In the prior art, a quartz fiber heat-insulating tile is generally used as a heat protection material, and the surface of the quartz fiber heat-insulating tile is coated with radiation coating slurry, and the radiation coating is obtained after high-temperature heat treatment. The high-temperature heat treatment of the radiation coating slurry has limitation on the heat protection material, and the heat protection material must be selected from materials which can withstand the high-temperature heat treatment of the radiation coating slurry coated on the surface of the material and cannot withstand the high-temperature heat treatment of the radiation coating slurry, so that the material cannot be used as the heat protection material.

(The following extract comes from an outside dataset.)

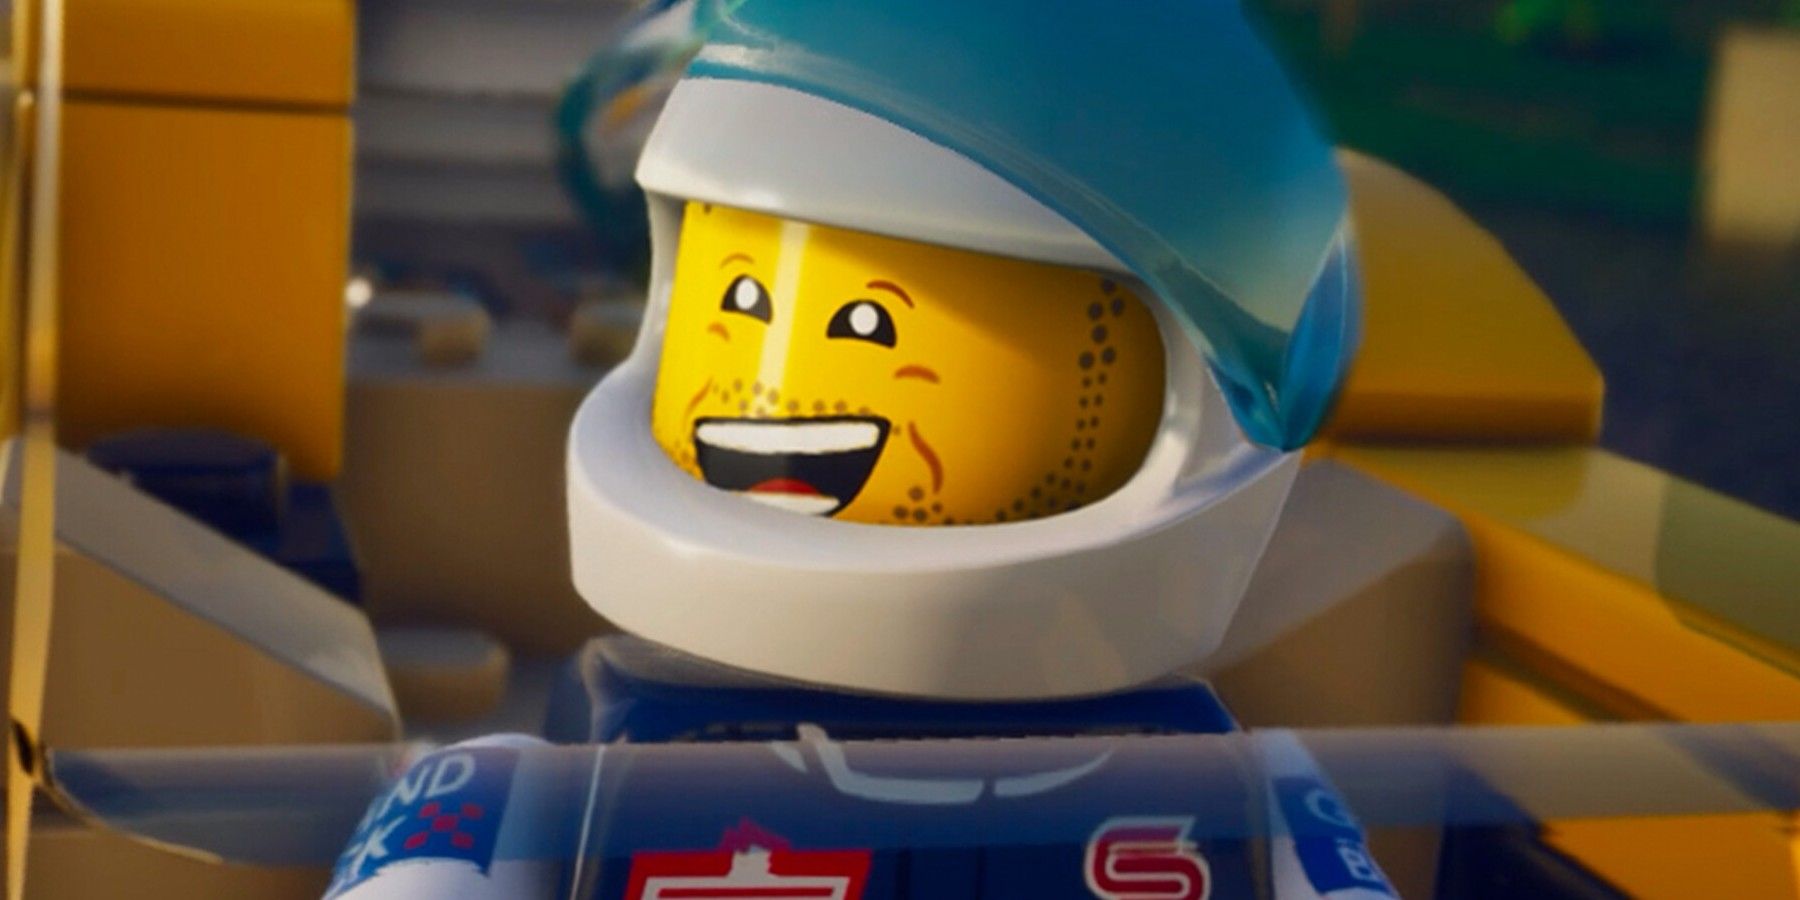 Lego 2K Drive Character

With the improvement of the requirements of the aerospace craft on light weight, heat insulation performance and the like, the light weight heat protection material is favored in the heat protection field, however, the current light weight heat protection material, especially the light weight quartz fiber preform reinforced modified phenolic aerogel composite material, cannot bear the high temperature heat treatment of the current radiation coating slurry on one hand and cannot prepare the current radiation coating on the surface of the current radiation coating slurry; on the other hand, the surface of the aircraft is rough and not compact, the problems of water resistance, moisture resistance and the like are difficult to solve in the environment such as room temperature, and the problems of influence on the safety of the aircraft due to weight gain caused by water absorption are easy to occur. Therefore, there is a need in the art for a radiation coating slurry that can be cured at room temperature and a radiation coating prepared from the radiation coating slurry to solve the problems that the existing radiation coating is not suitable for light thermal protection materials, and there is no radiation coating that can meet the requirements of the light thermal protection materials on the high temperature working environment of an aircraft and the water and moisture resistance in the environment such as room temperature.
Disclosure of Invention
The invention provides normal-temperature curing radiation coating slurry, a radiation coating and a preparation method thereof, which are used for solving the problems that the existing radiation coating is not suitable for light heat protection materials and does not have the radiation coating which can meet the requirements of the light heat protection materials on the high-temperature working environment of an aircraft, the water resistance and the moisture resistance of the environment at room temperature and the like.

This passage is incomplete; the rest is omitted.